Work to complete: Every line of the listing below is to be duplicated exactly, with the pictures left out.

Exercise data:

○ ○ ○ ○ ○ ○ ○

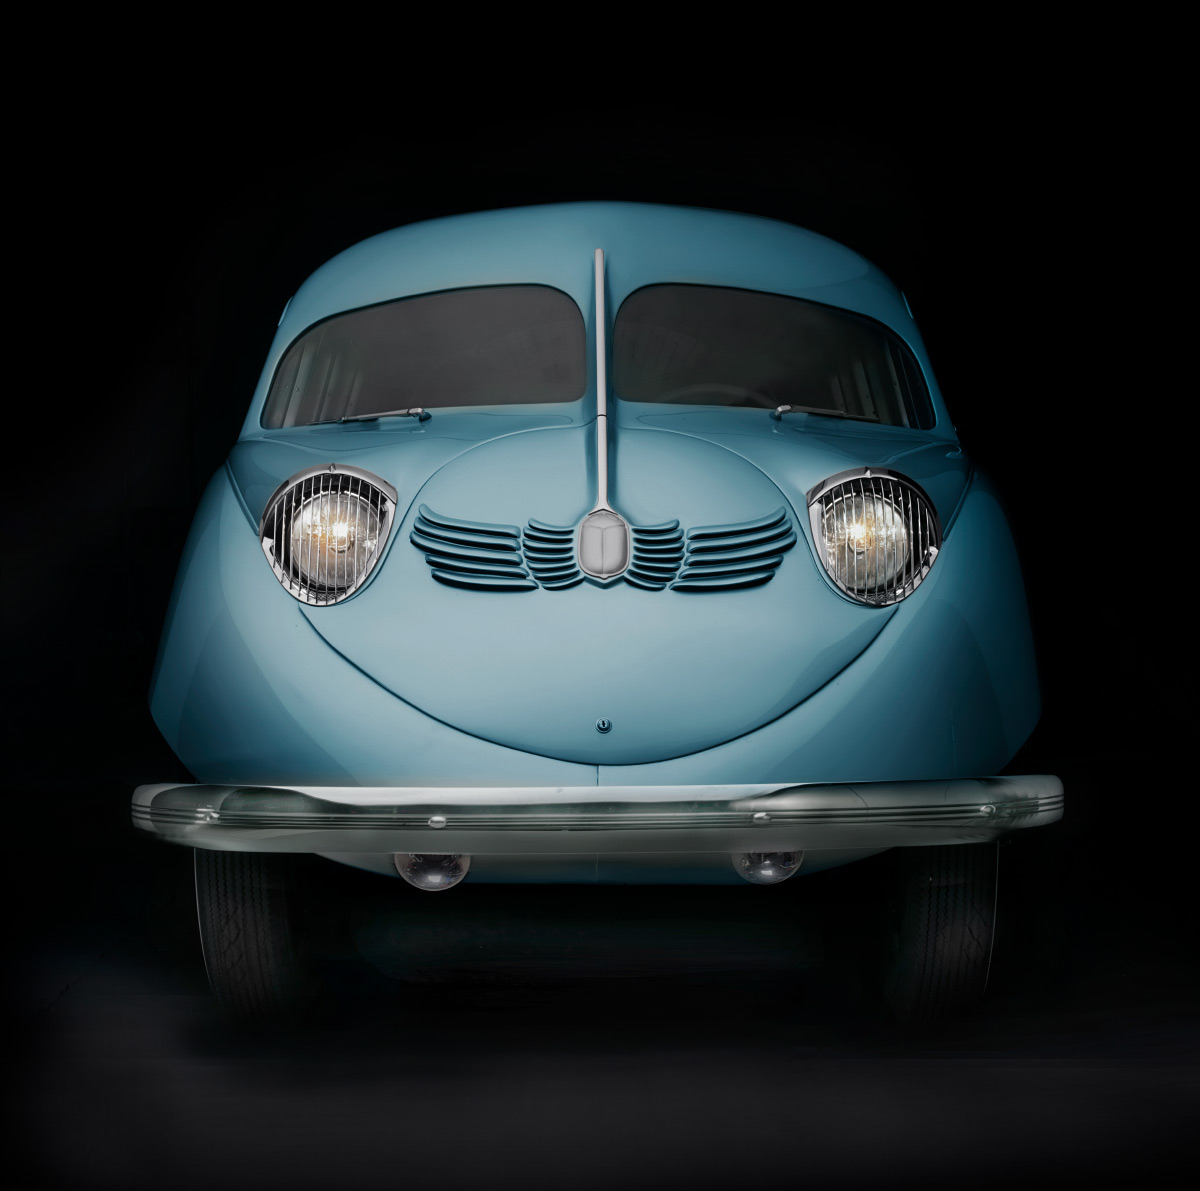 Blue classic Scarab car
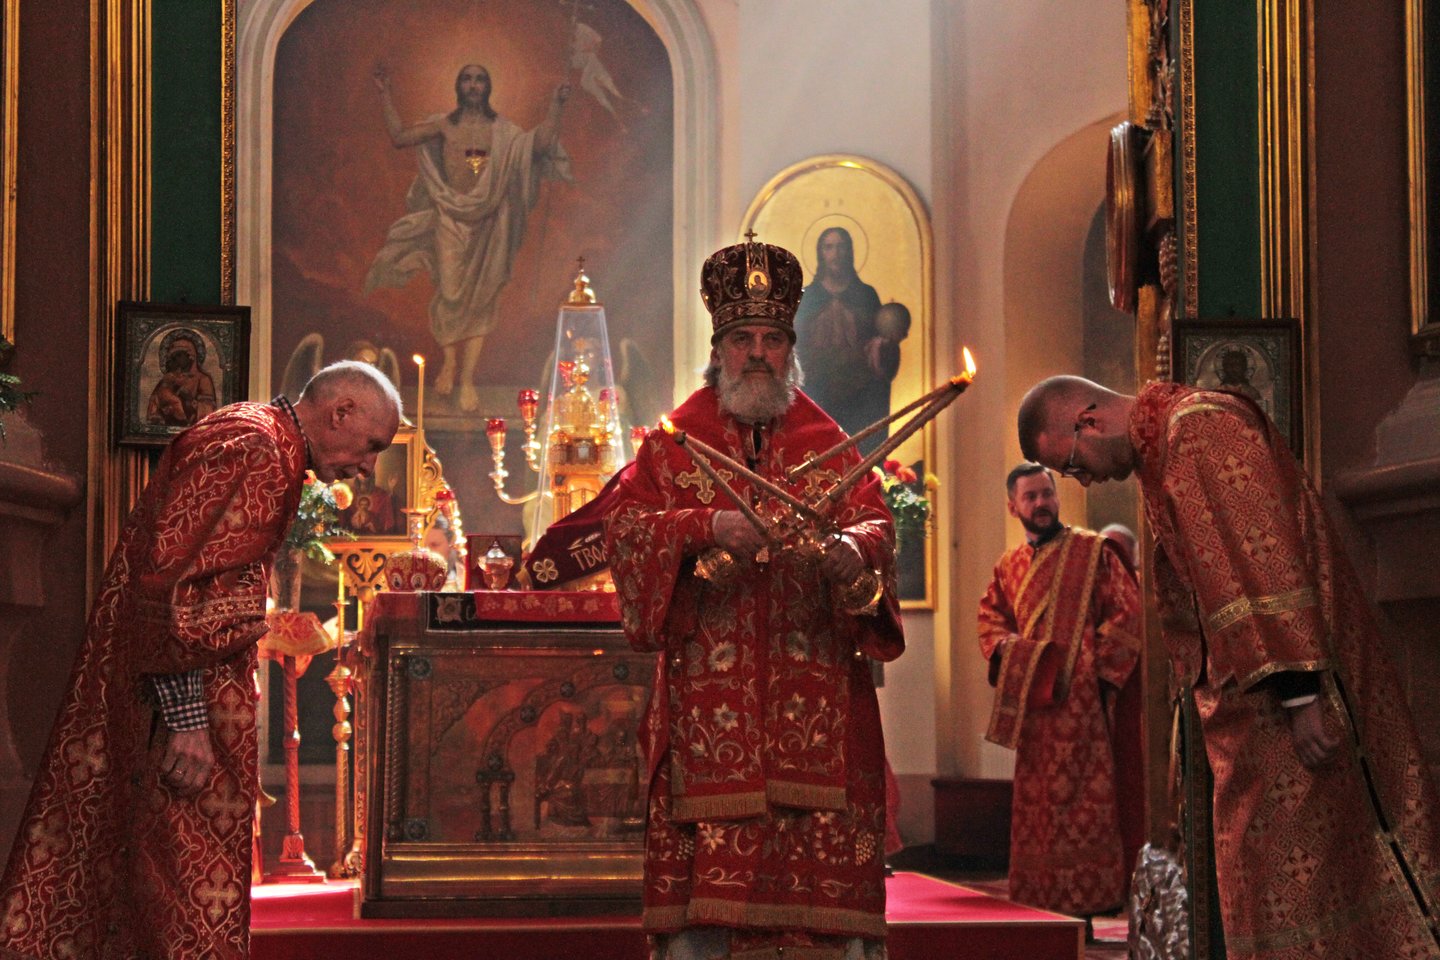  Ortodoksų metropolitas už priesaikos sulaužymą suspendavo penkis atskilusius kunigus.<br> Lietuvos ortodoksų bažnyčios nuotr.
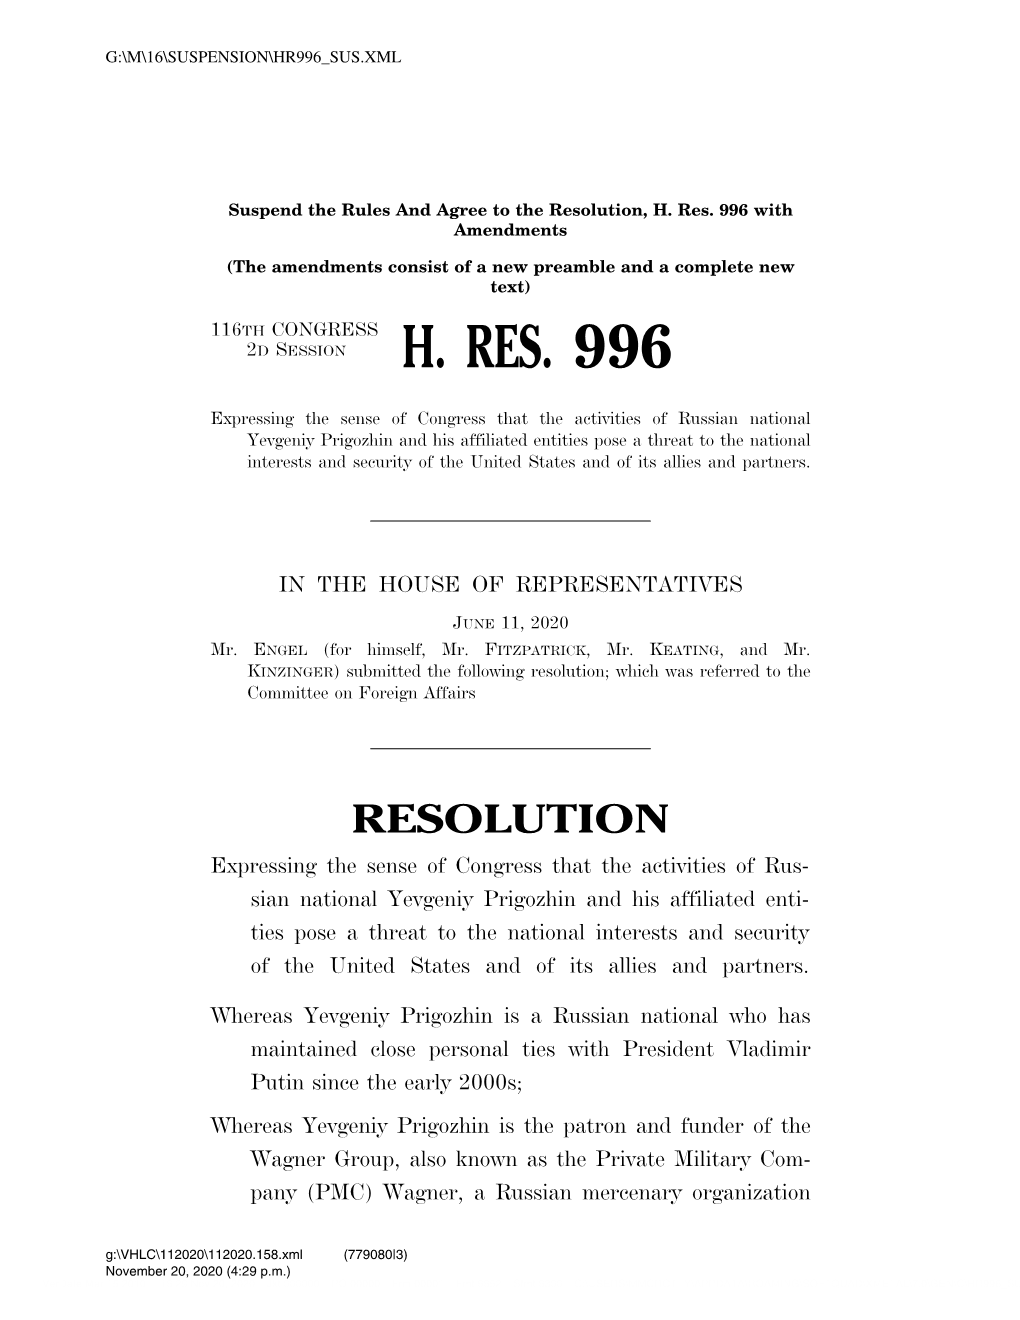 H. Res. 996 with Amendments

○ ○ ○ ○ ○ ○ ○

Response area:
 Blue classic Scarab car
  Ortodoksų metropolitas už priesaikos sulaužymą suspendavo penkis atskilusius kunigus.<br> Lietuvos ortodoksų bažnyčios nuotr.
 H. Res. 996 with Amendments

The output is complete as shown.